• Task objective:
Starting with the line containing "Marc by Marc" and going on through the line containing "50 Minimalist Decorating", return the lines of the data below exactly, and only those.

• Exercise data:
* * * * * * * * *

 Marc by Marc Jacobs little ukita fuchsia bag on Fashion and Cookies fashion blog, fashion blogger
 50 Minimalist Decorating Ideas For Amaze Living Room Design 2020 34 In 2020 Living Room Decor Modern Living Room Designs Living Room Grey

* * * * * * * * *

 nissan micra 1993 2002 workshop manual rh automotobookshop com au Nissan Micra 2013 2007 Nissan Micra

* * * * * * * * *

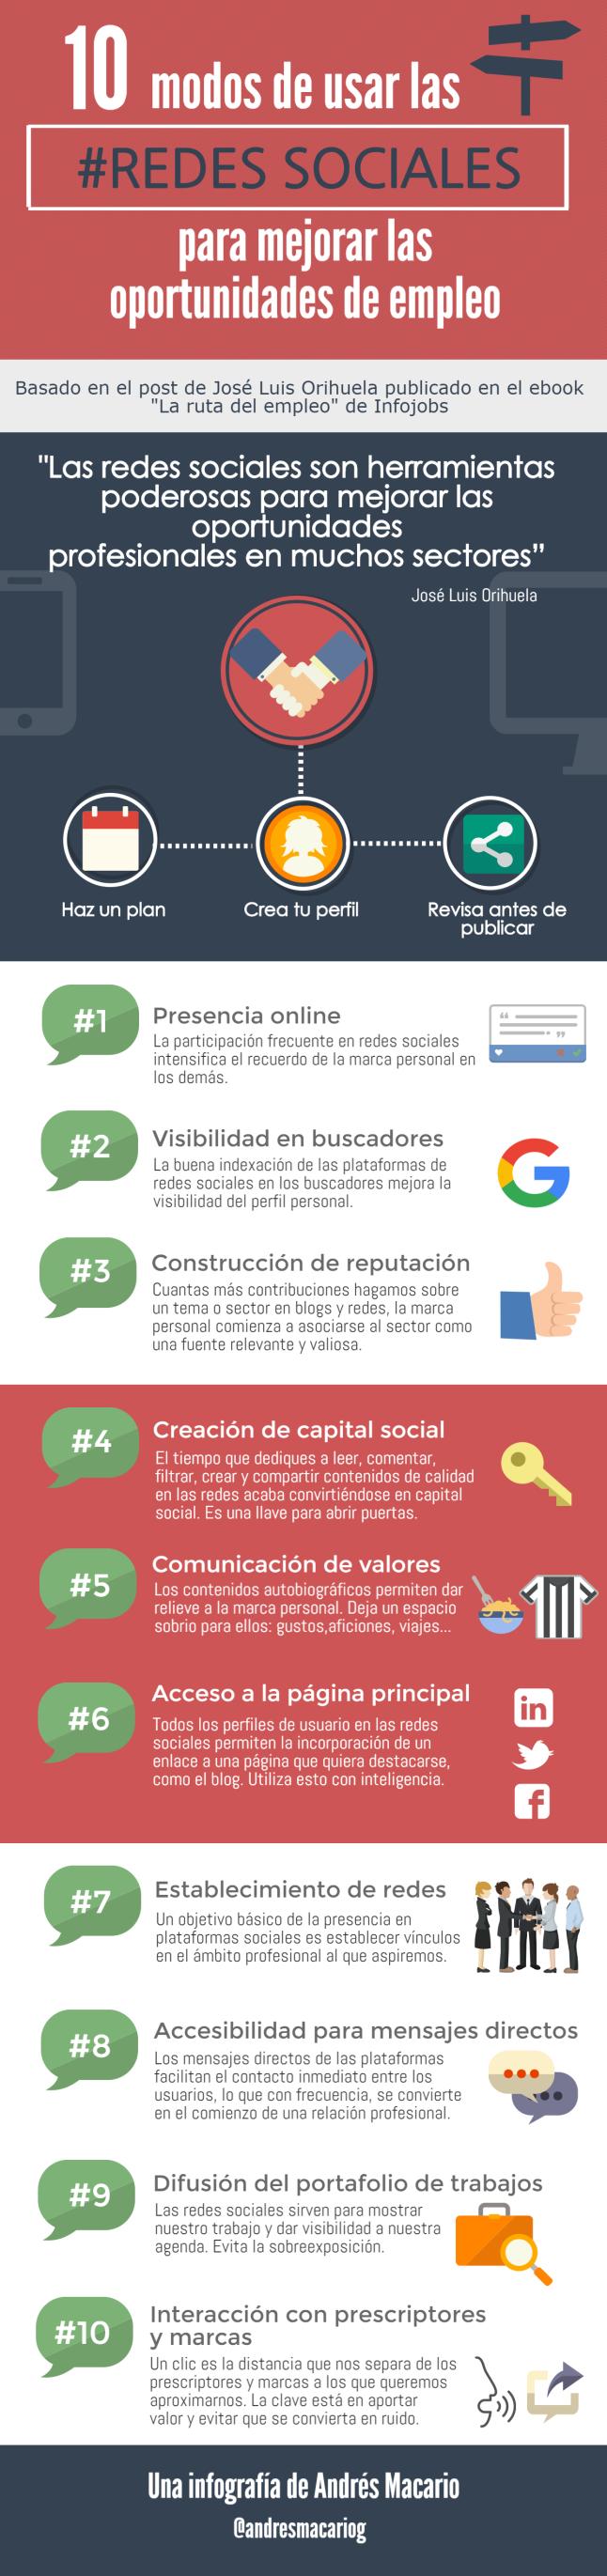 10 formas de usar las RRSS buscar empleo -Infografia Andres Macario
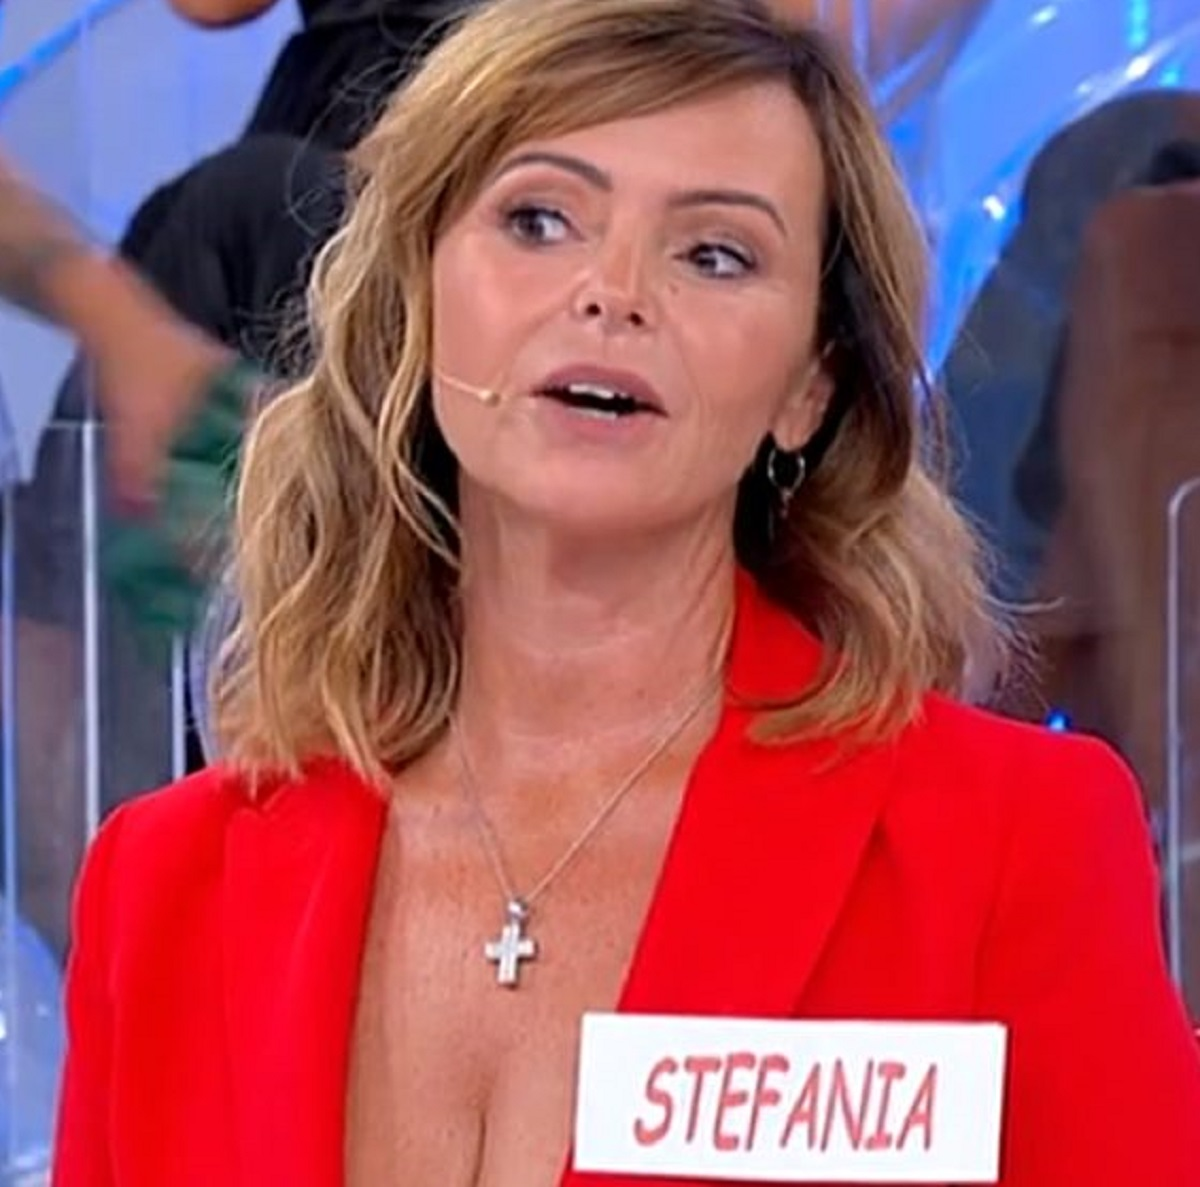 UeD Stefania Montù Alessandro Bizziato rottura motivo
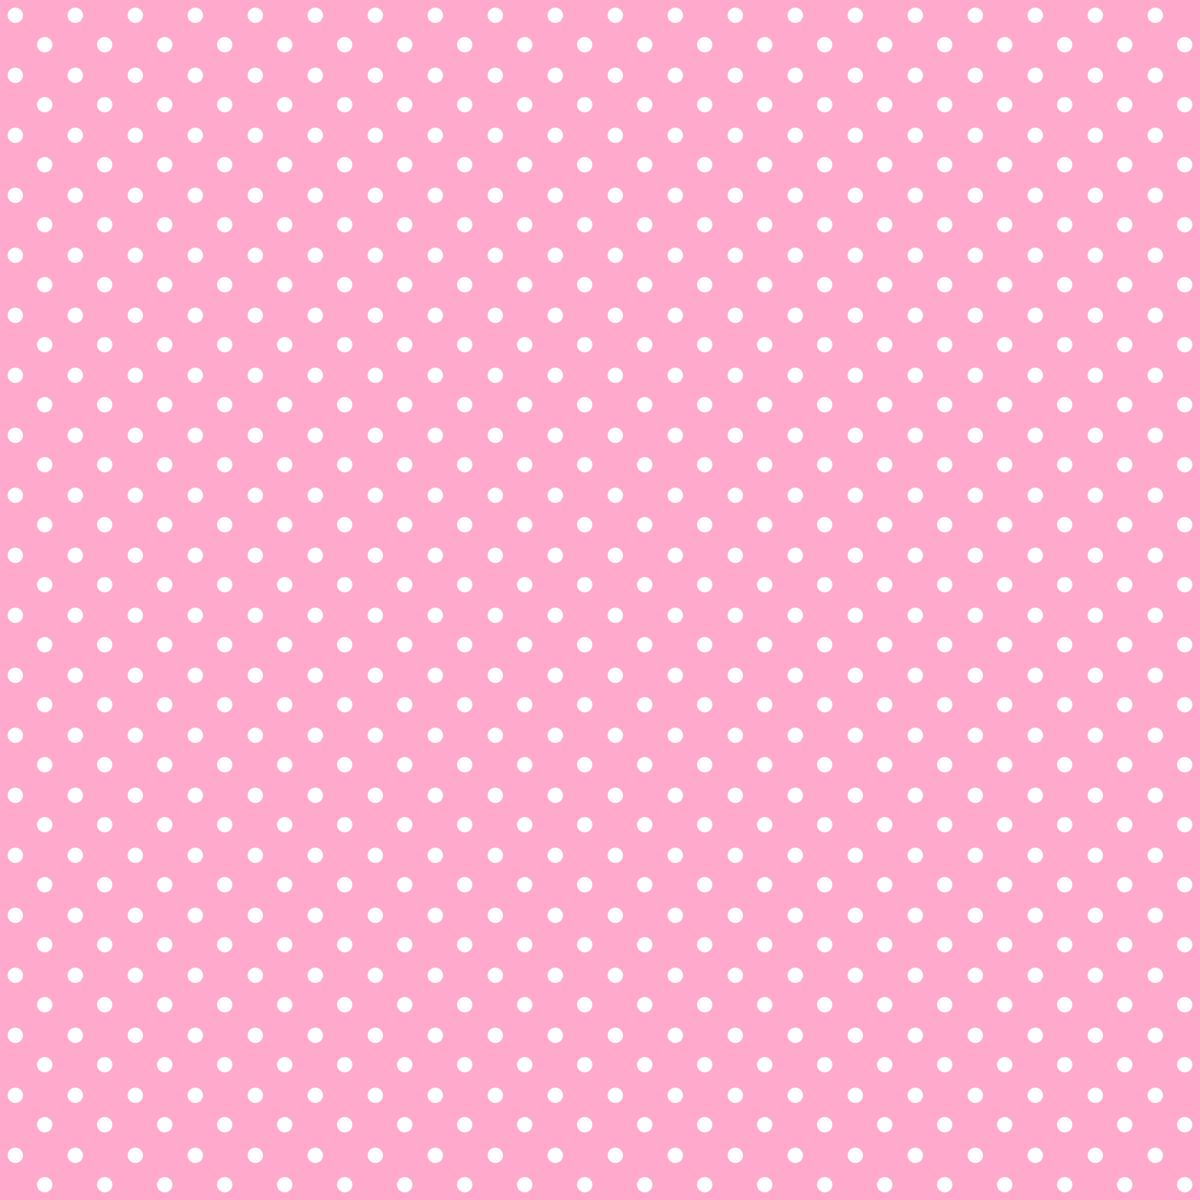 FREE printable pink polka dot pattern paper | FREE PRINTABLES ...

* * * * * * * * *

• Answer below:
 Marc by Marc Jacobs little ukita fuchsia bag on Fashion and Cookies fashion blog, fashion blogger
 50 Minimalist Decorating Ideas For Amaze Living Room Design 2020 34 In 2020 Living Room Decor Modern Living Room Designs Living Room Grey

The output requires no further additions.